The week — not the hour — is king for minimum wage compliance
By: Katie Loehrke
Publication: Employment Law & Regulatory Alert
Date Posted: 04/23/2018
An employer may pay employees less than minimum wage for certain hours of work, as long as the individual is paid an average of at least minimum wage for all hours worked in a week, the U.S. Court of Appeals for the Ninth Circuit recently ruled.
The comp plan
In this case (Douglas v. Xerox Business Services), customer service representatives were paid at different rates depending on the tasks performed. For some tasks, including training and meetings, they were paid at a flat rate ($9.04 per hour).
For other tasks, the company paid a variable rate, depending on metrics like customer satisfaction and call length. For instance, an employee with the best quality and efficiency on calls could receive as much as $0.25 per minute ($15.00 per hour). Those lacking in the quality and efficiency departments could receive as little as $0.15 per minute (or $9.00 per hour).
No wages for certain tasks
Since these wages are all above the federal minimum wage of $7.25/hour, everything seems aboveboard so far. But here’s where it gets trickier: after meetings, trainings, and customer calls, the tasks that remained for employees had no specific designated rate.

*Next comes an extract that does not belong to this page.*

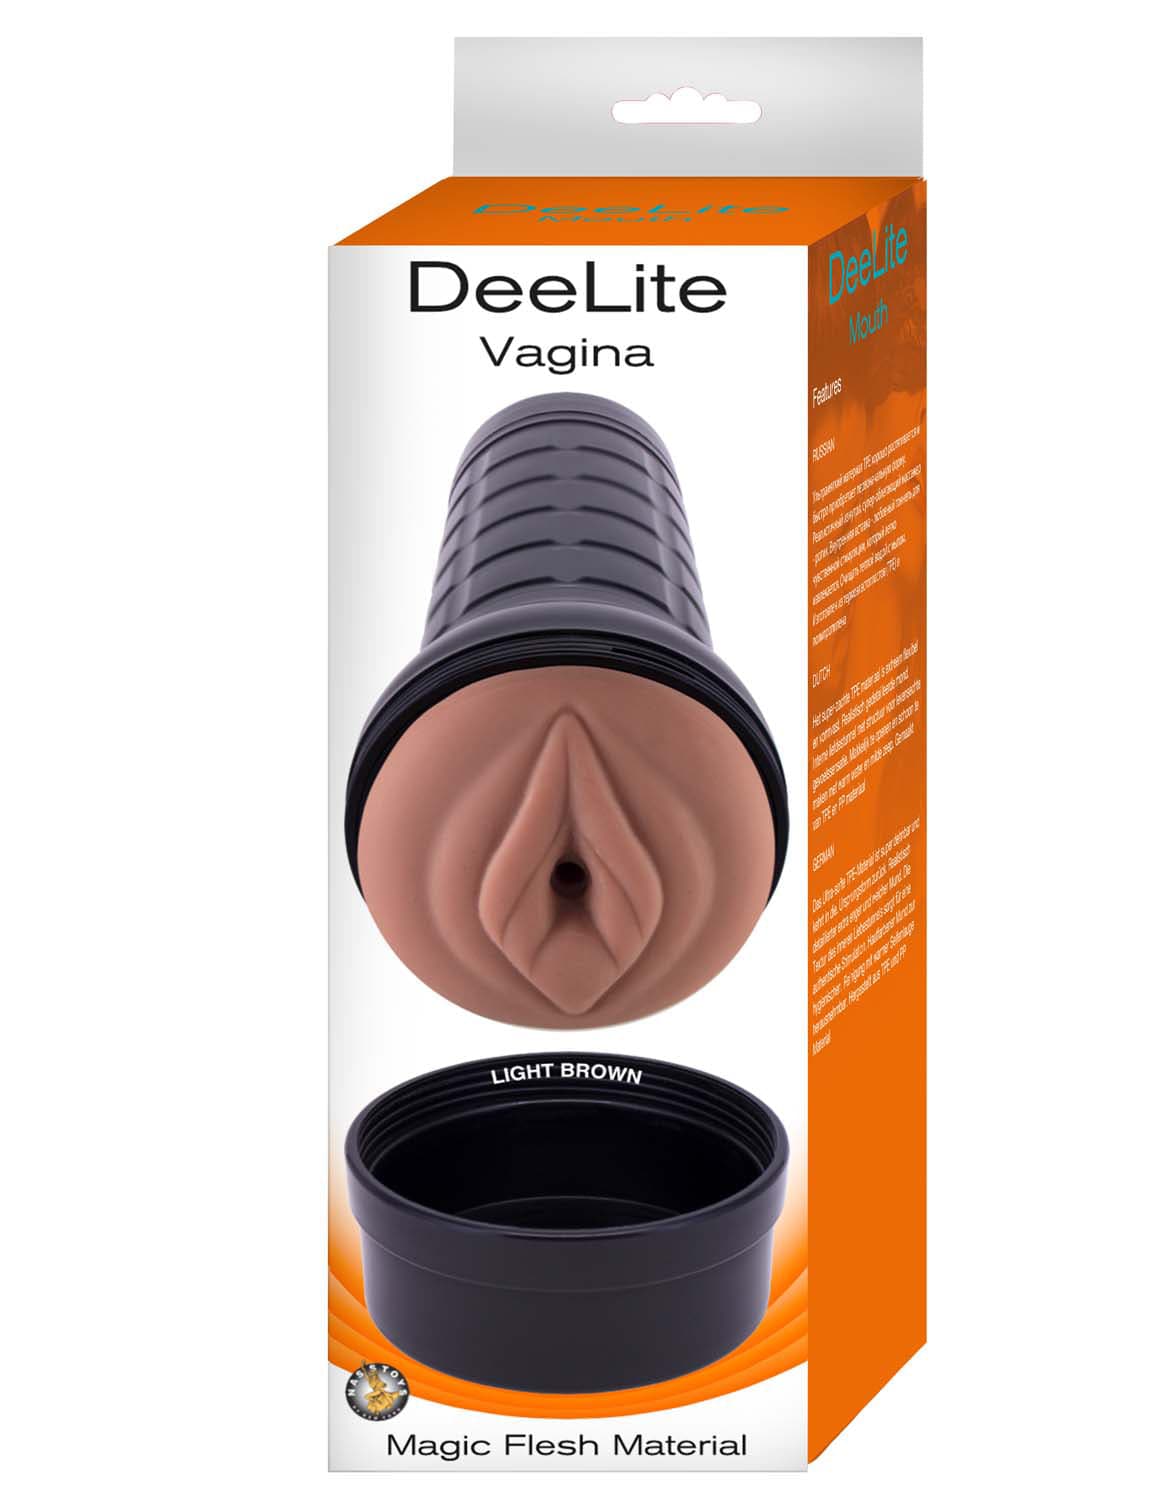 deelite vagina light brown

The employer essentially ignored any work time spent on non-recognized activities. That meant that for certain time periods during their work days, employees received no wages at all.
Weekly minimum wage
At the end of each week, for each employee, the company took wages earned from defined activities during the week, and divided them by the total number of hours worked that week. As long as the employee had earned more than minimum wage for the week as a whole, the employer made no adjustments.
Employees for whom this calculation revealed earnings of less than minimum wage in a particular week had their wages adjusted up to minimum wage for all hours worked that week.
While all employees were all paid at least minimum wage for the week as a whole, the employees in this case alleged that they were instead entitled to at least minimum wage for each individual hour worked.
Minimum wage still met
In this case, even though the Ninth Circuit called the employer’s comp plan “mind-numbingly complex,” it didn’t find that the organization violated the requirement to pay minimum wage. The court noted that under the Fair Labor Standards Act (FLSA), “the relevant unit for determining minimum-wage compliance is the workweek as a whole, rather than each individual hour within the workweek.”
This “per workweek” standard is one that has already been endorsed by the Second, Fourth, Eighth, and D.C. Circuits. The Ninth Circuit noted in its opinion that, apart from the lower court in this case, just two district courts — one in Rhode Island and one in Massachusetts — have rejected the per-workweek measure.
Why not a straight wage?
A straight wage makes it easy for employees and employers to quickly recognize that minimum wage requirements are being met.
But while the compensation structure in this case is intricate, such a setup may help motivate employees to perform well on — and devote their time to — certain tasks.
Employers in most states have circuit court guidance to support such a plan. They can also take comfort in enforcement guidance from the Department of Labor, which indicates that the employer’s chosen work period will be treated as the unit for minimum wage purposes.
However, companies that choose to implement such a structure might want to consider communicating their legal standing to employees, since it’s common for workers to believe their minimum wage rights pertain to each individual hour worked.
Key to remember: The Ninth Circuit joins several other circuits in the opinion that employees may be paid less than minimum wage for certain hours, as long as they are paid at least an average of minimum wage for all hours worked in the workweek.